The main criticism of the film is that the oscillation of perspective between both Erics, Finley and Patti, albeit clever, makes it difficult to connect with one character. I was gripped with shock throughout, but it wasn’t until Eric and Takashi Nagase were reunited that I felt emotionally gripped. The decision to tear the audience’s sympathy between characters therefore seemingly puts them at an emotional distance. Also, it was clear the reconciliation and forgiveness between Lomax and Nagase was kept deliberately brief – the film wrapped up with real photos of the men and text across the screen describing their long-lasting friendship. However, this was possibly just a bit too brief. You don’t leave the cinema feeling whole-heartedly cathartic, which when such astounding forgiveness has taken place, one should really.
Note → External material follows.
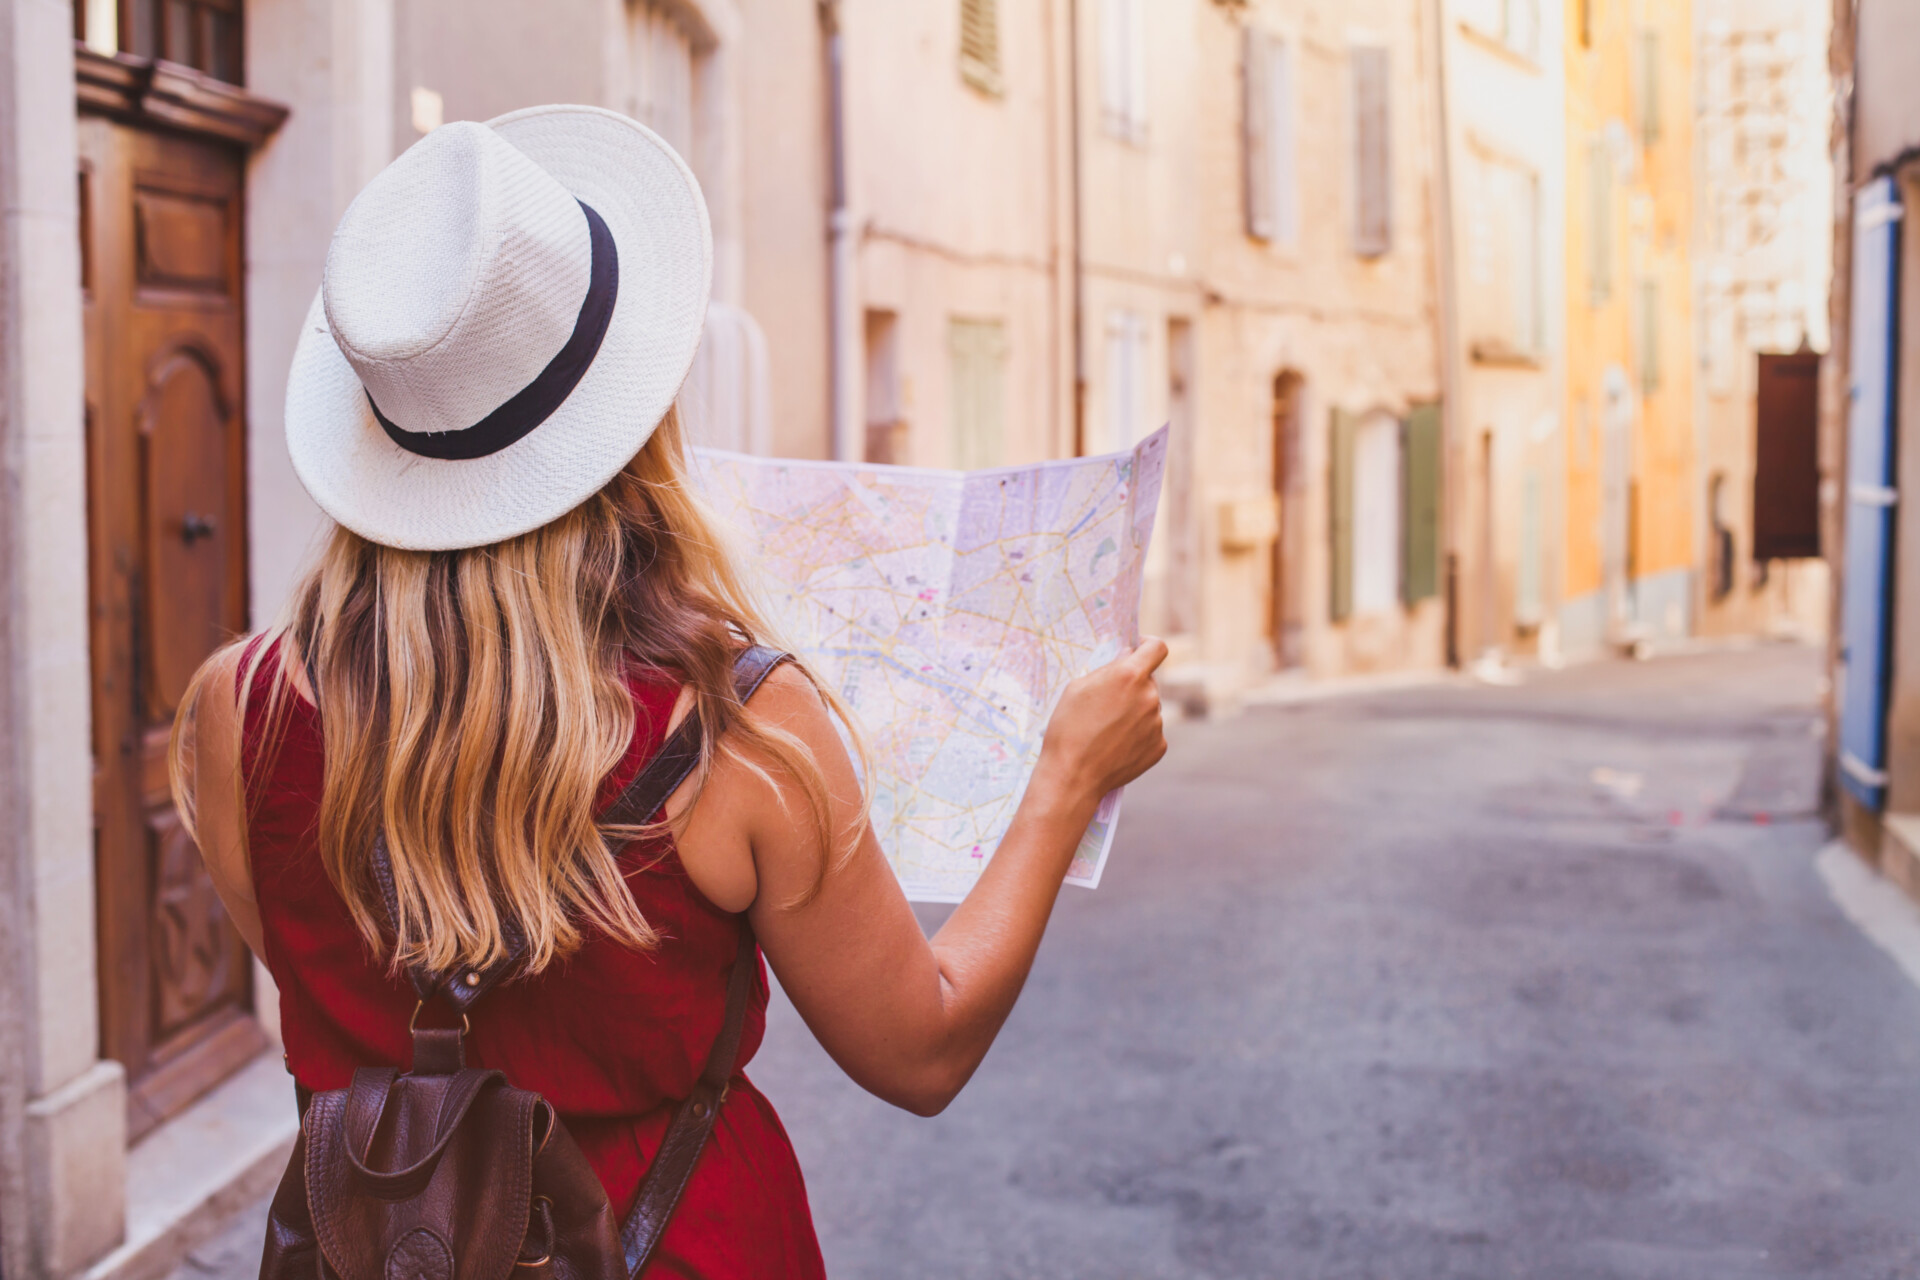 Eine Frau, von hinten betrachtet, die ein rotes Kleid trägt und einen weißen Hut mit schwarzer Krempe auf hat, steht in einer ruhigen Straße und hält eine geöffnete Landkarte. Sie scheint den Weg in einer Altstadt mit pastellfarbenen Gebäuden zu suchen.
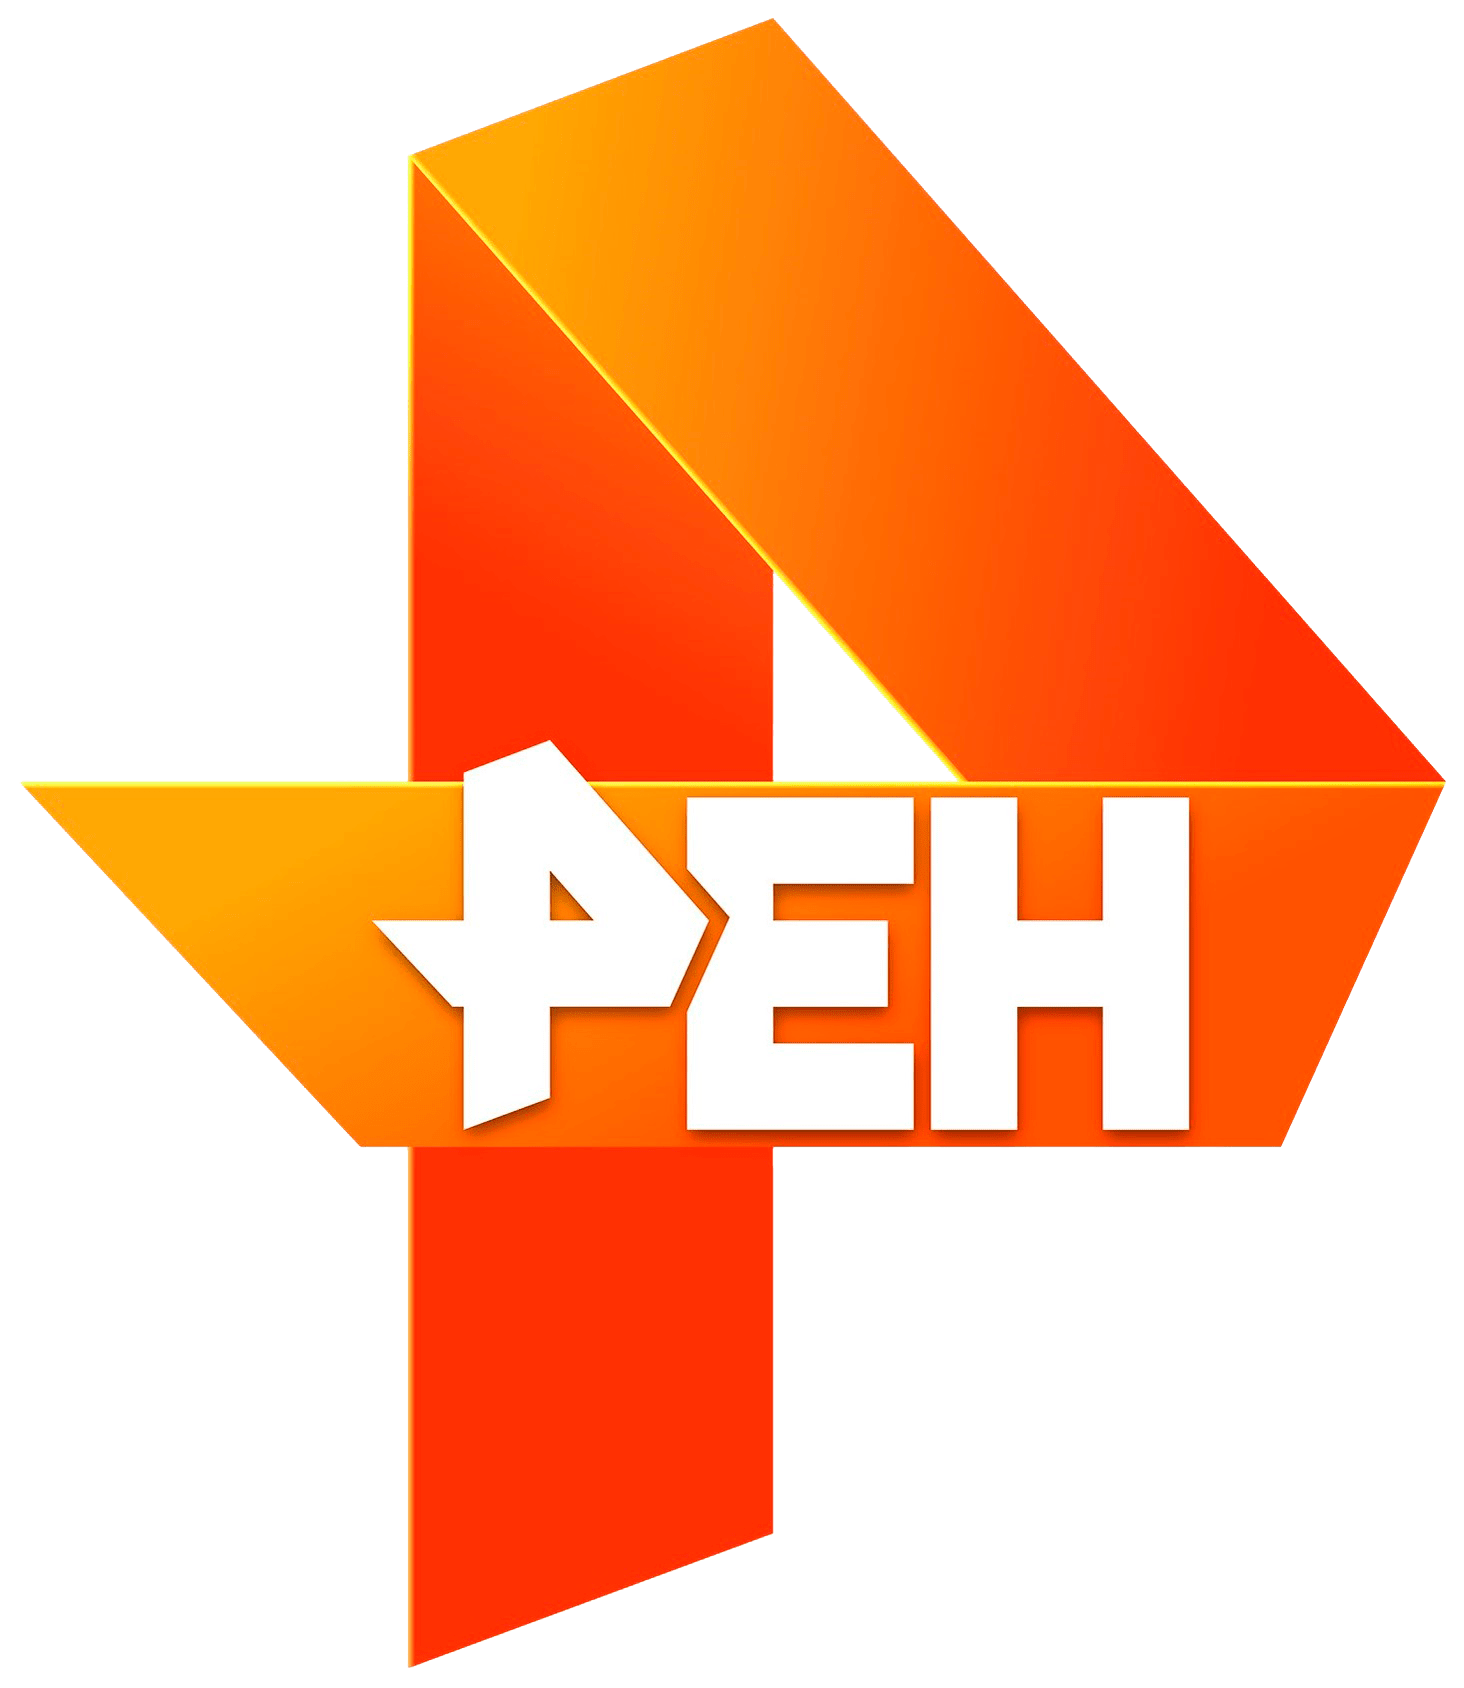 Раземщение рекламы РЕН ТВ, г.Калининград

As an easy weeper in mushy, tear-jerker films that push your emotional buttons, set to swelling, emotive music, my judgement often of a truly good film is if it has shocked me so much that I don’t cry. Films in that category include The Shawshank Redemption, and I was surprised to find that The Railway Man elicited a very similar reaction. Myself and my group of friends walked out of the cinema not really knowing what to do with ourselves; our petty problems very much put into perspective. The fact that the film was based on a true story truly hammers it home. I’ll be thinking about Eric Lomax for days.